=== Material provided ===
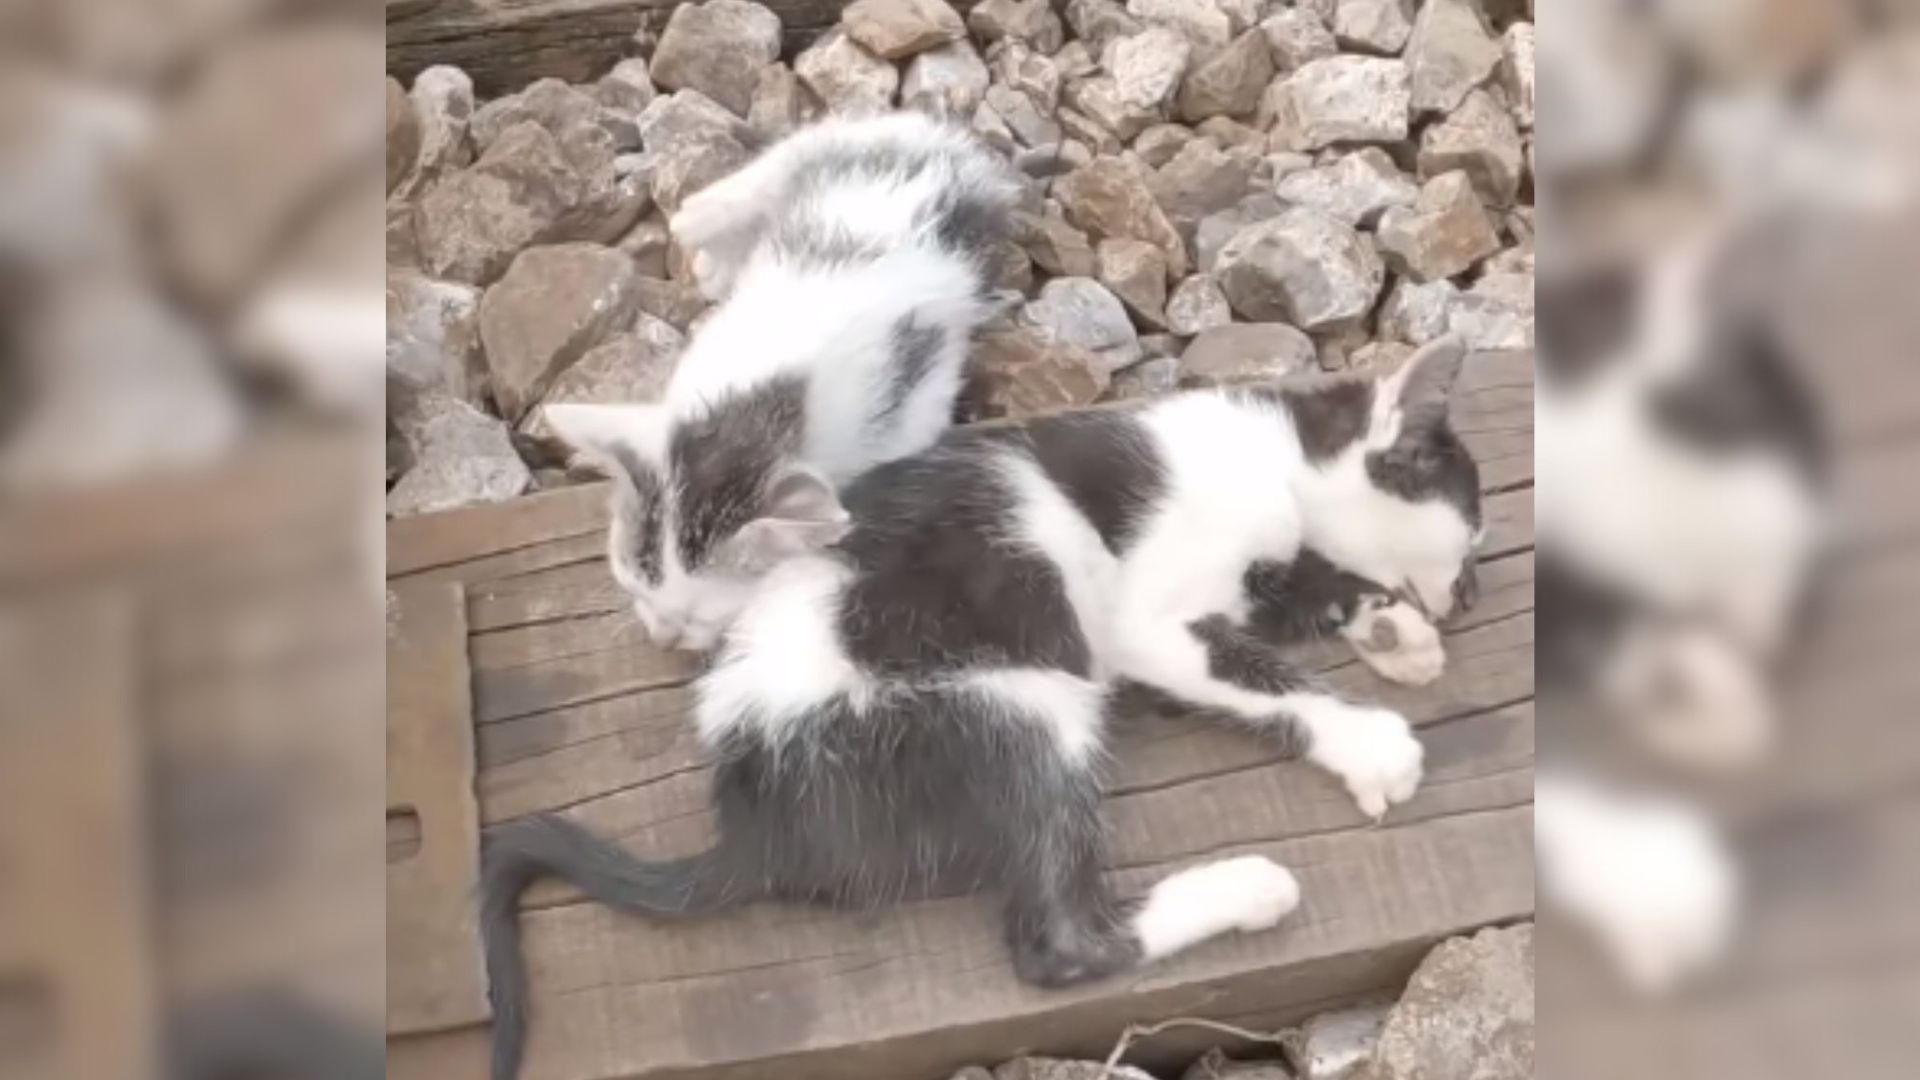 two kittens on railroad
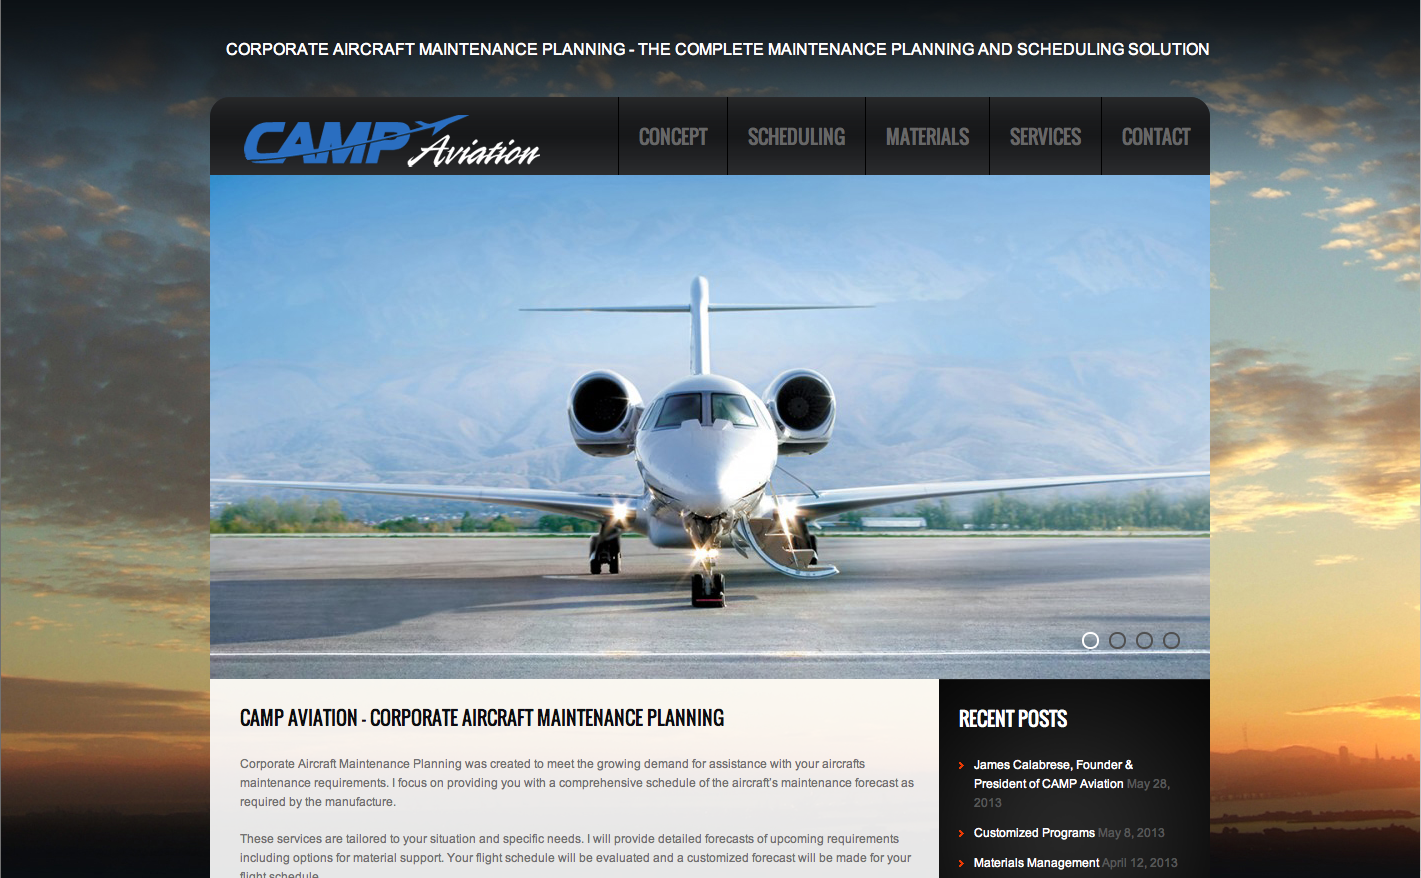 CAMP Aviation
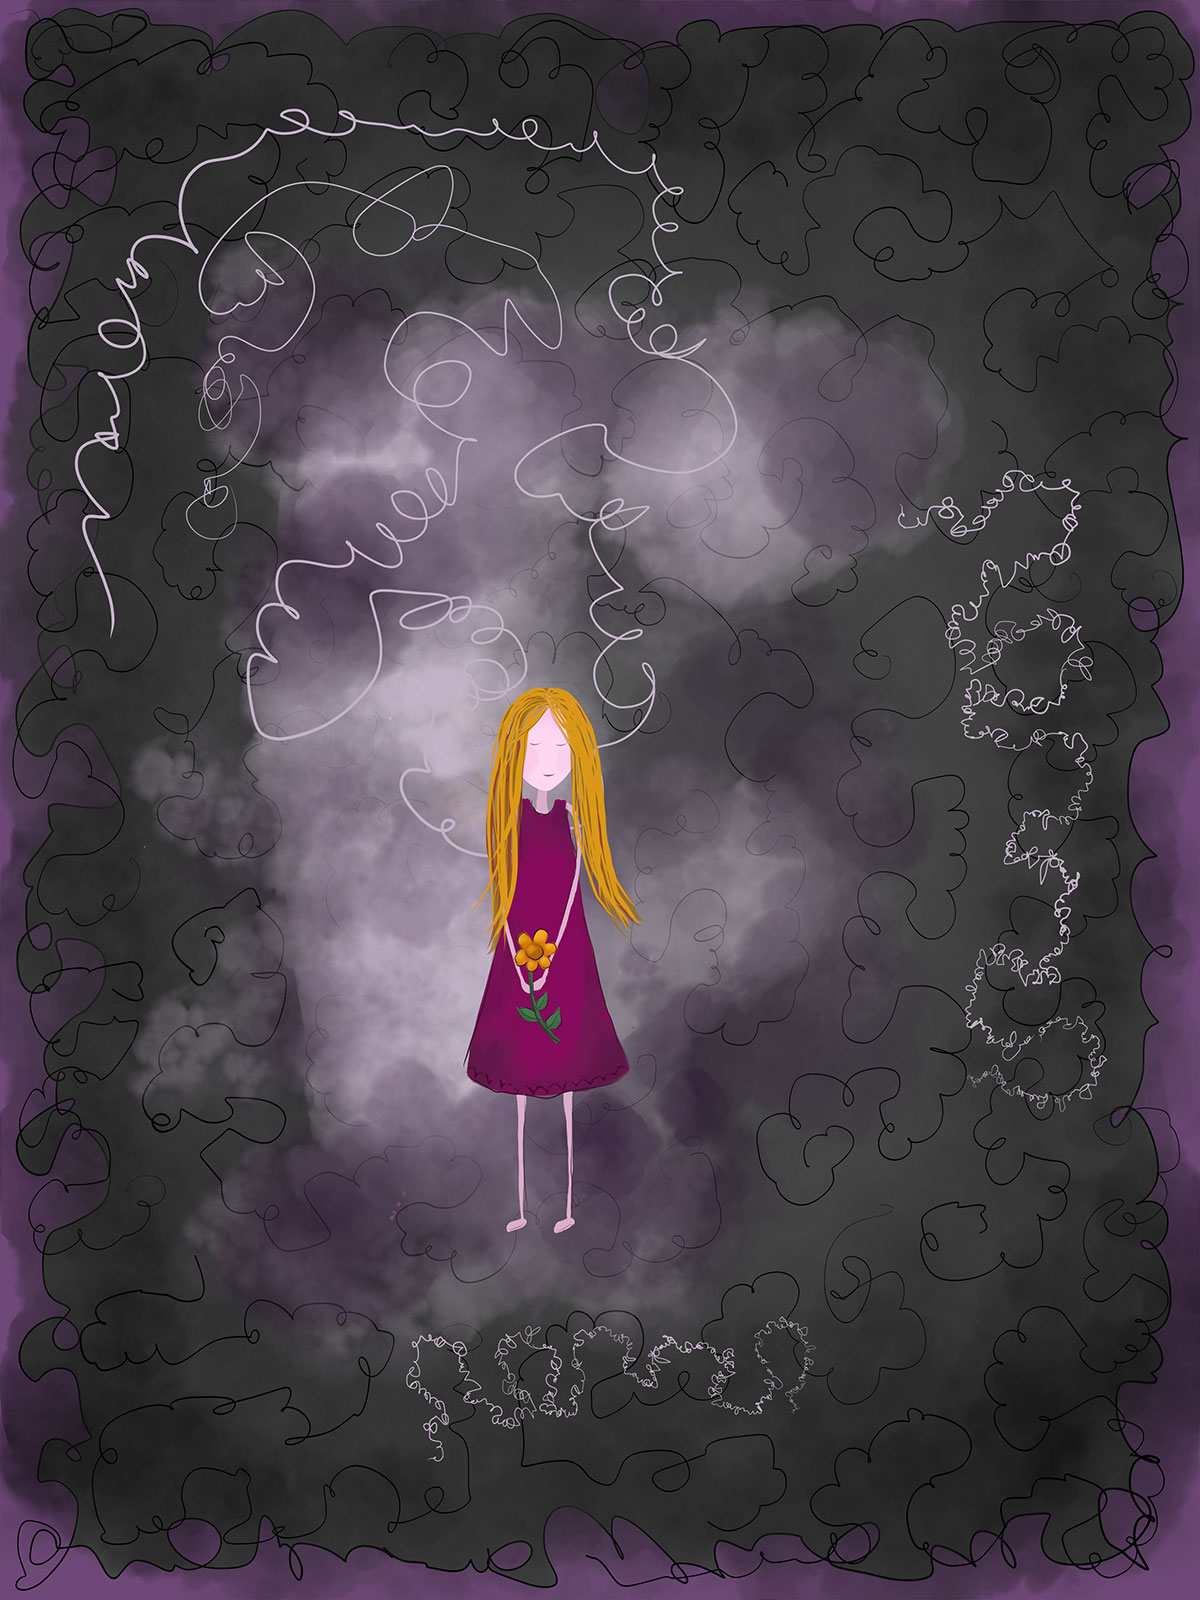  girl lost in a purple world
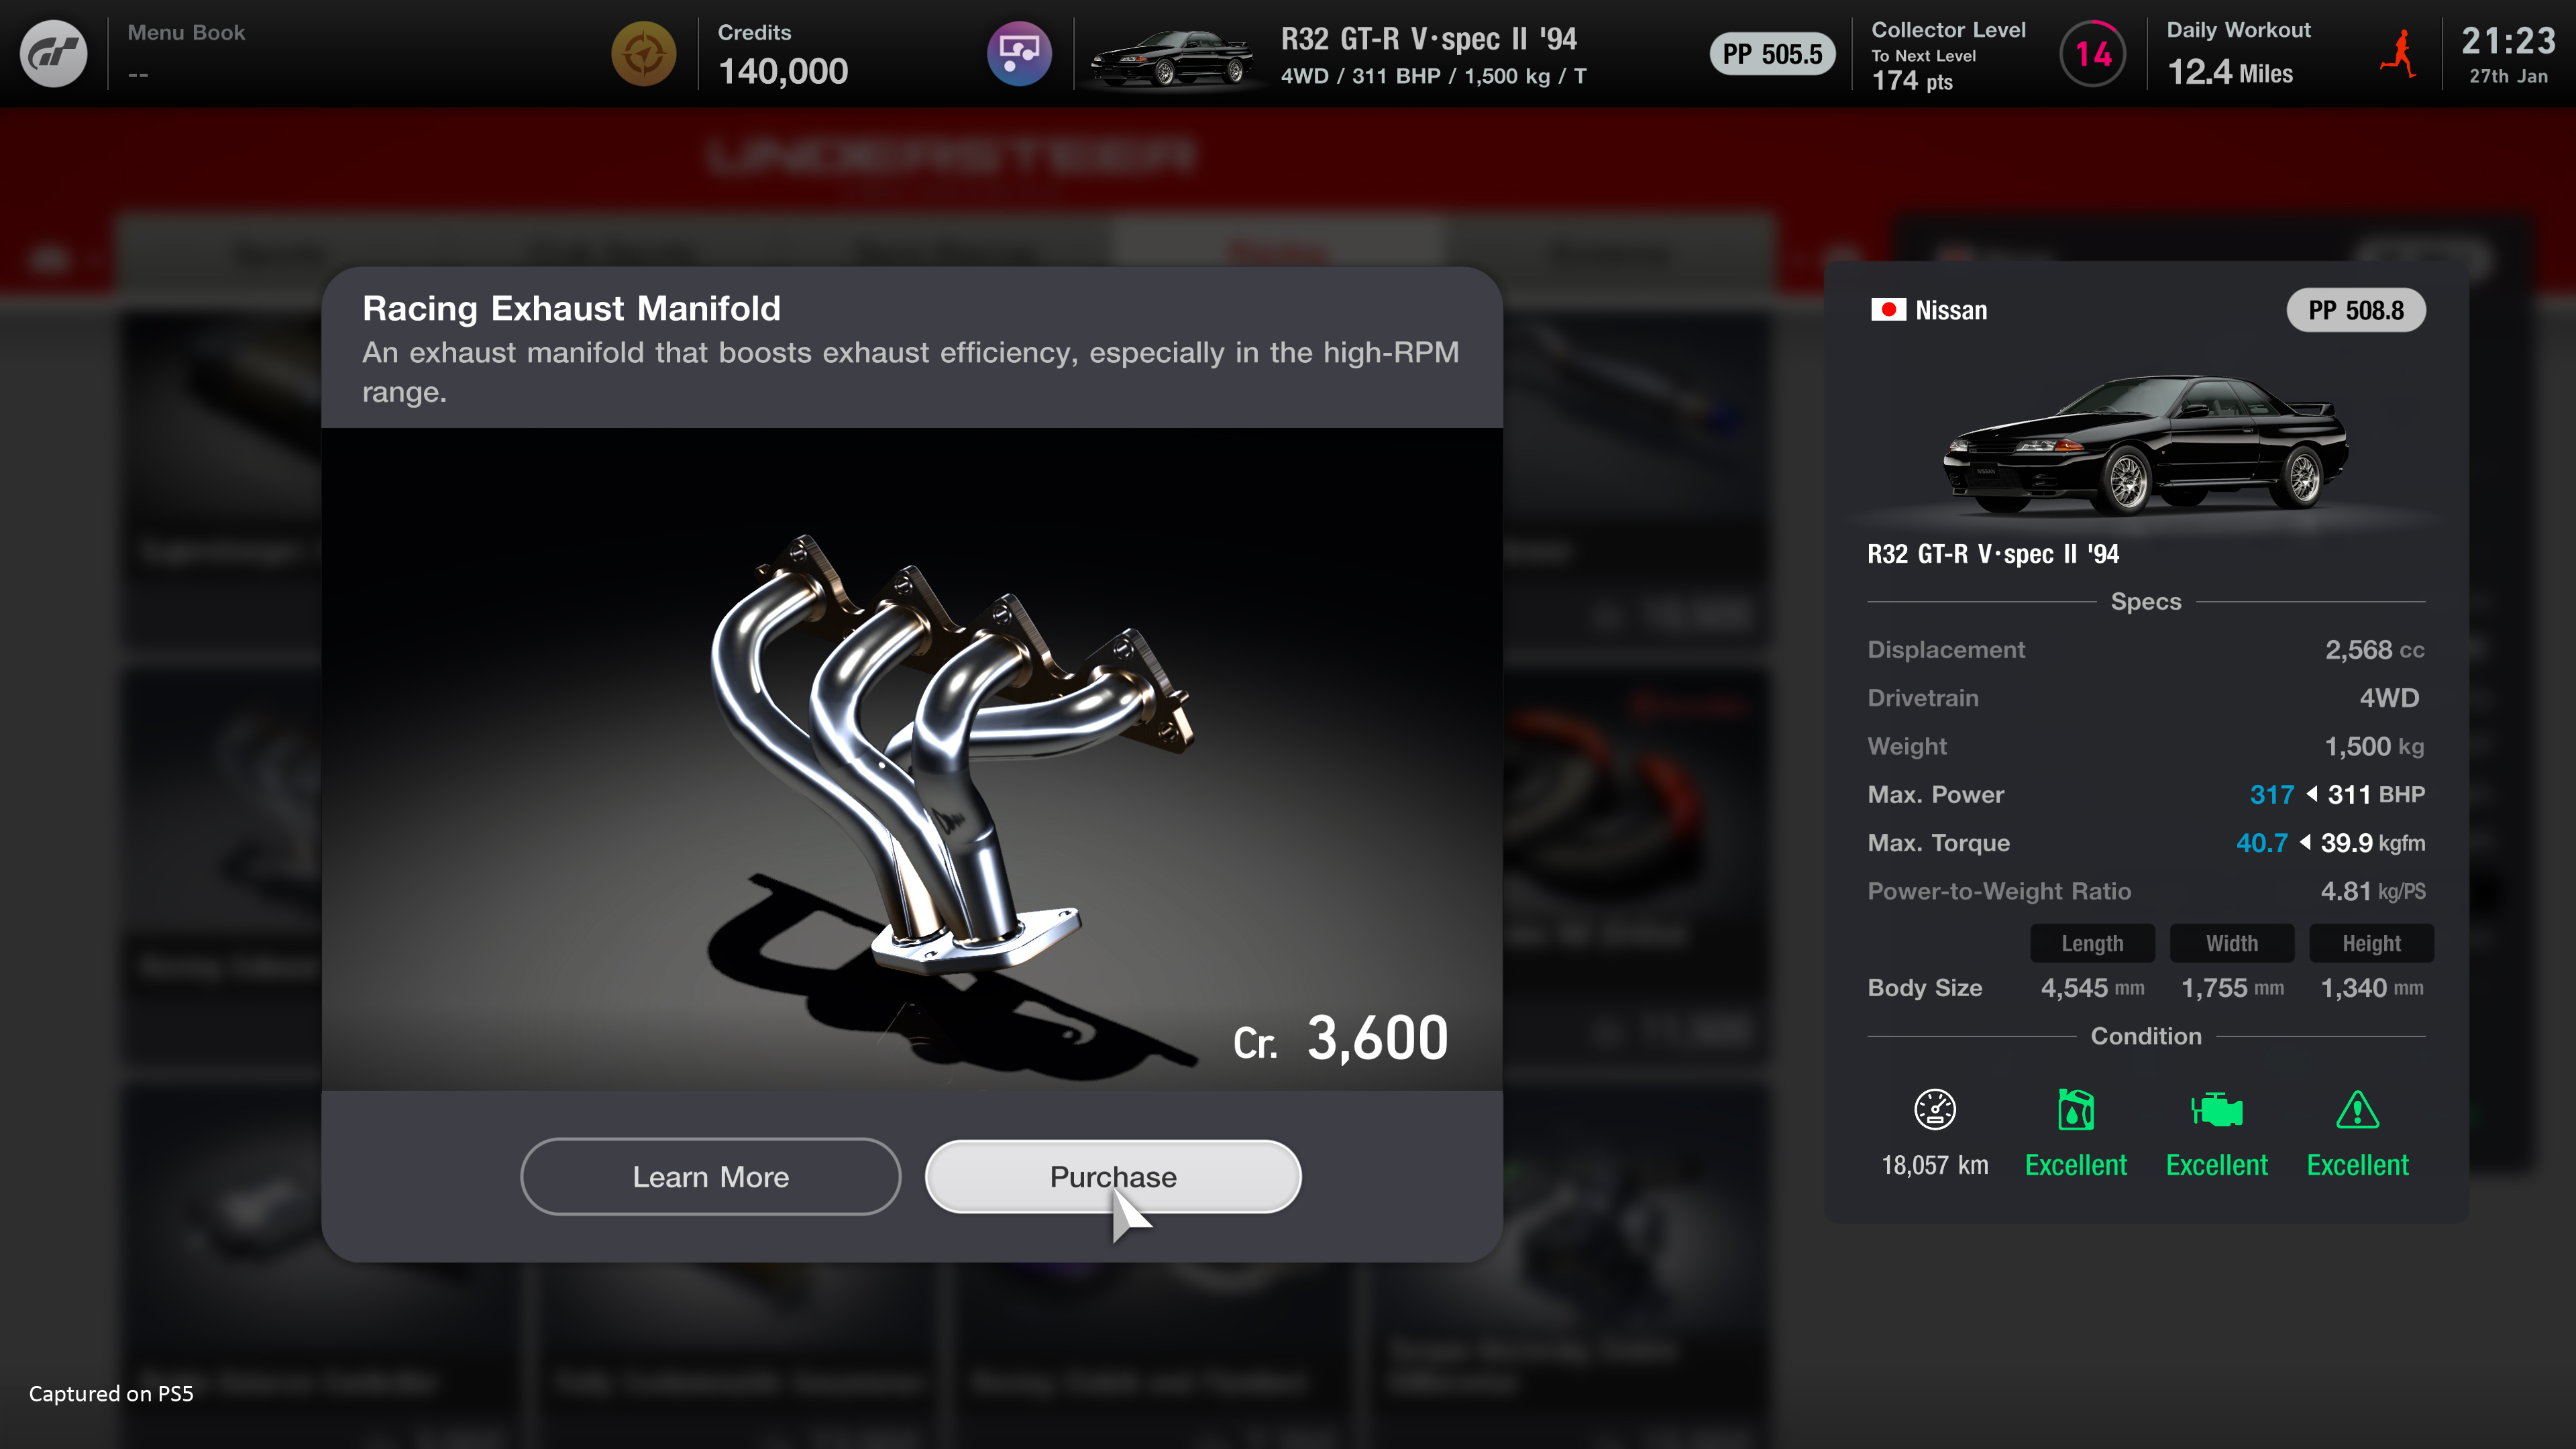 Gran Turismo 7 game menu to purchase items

=== Work to complete ===
An exact reproduction of the data is required, with pictures excluded.

=== Exercise solution ===
 two kittens on railroad
 CAMP Aviation
  girl lost in a purple world
 Gran Turismo 7 game menu to purchase items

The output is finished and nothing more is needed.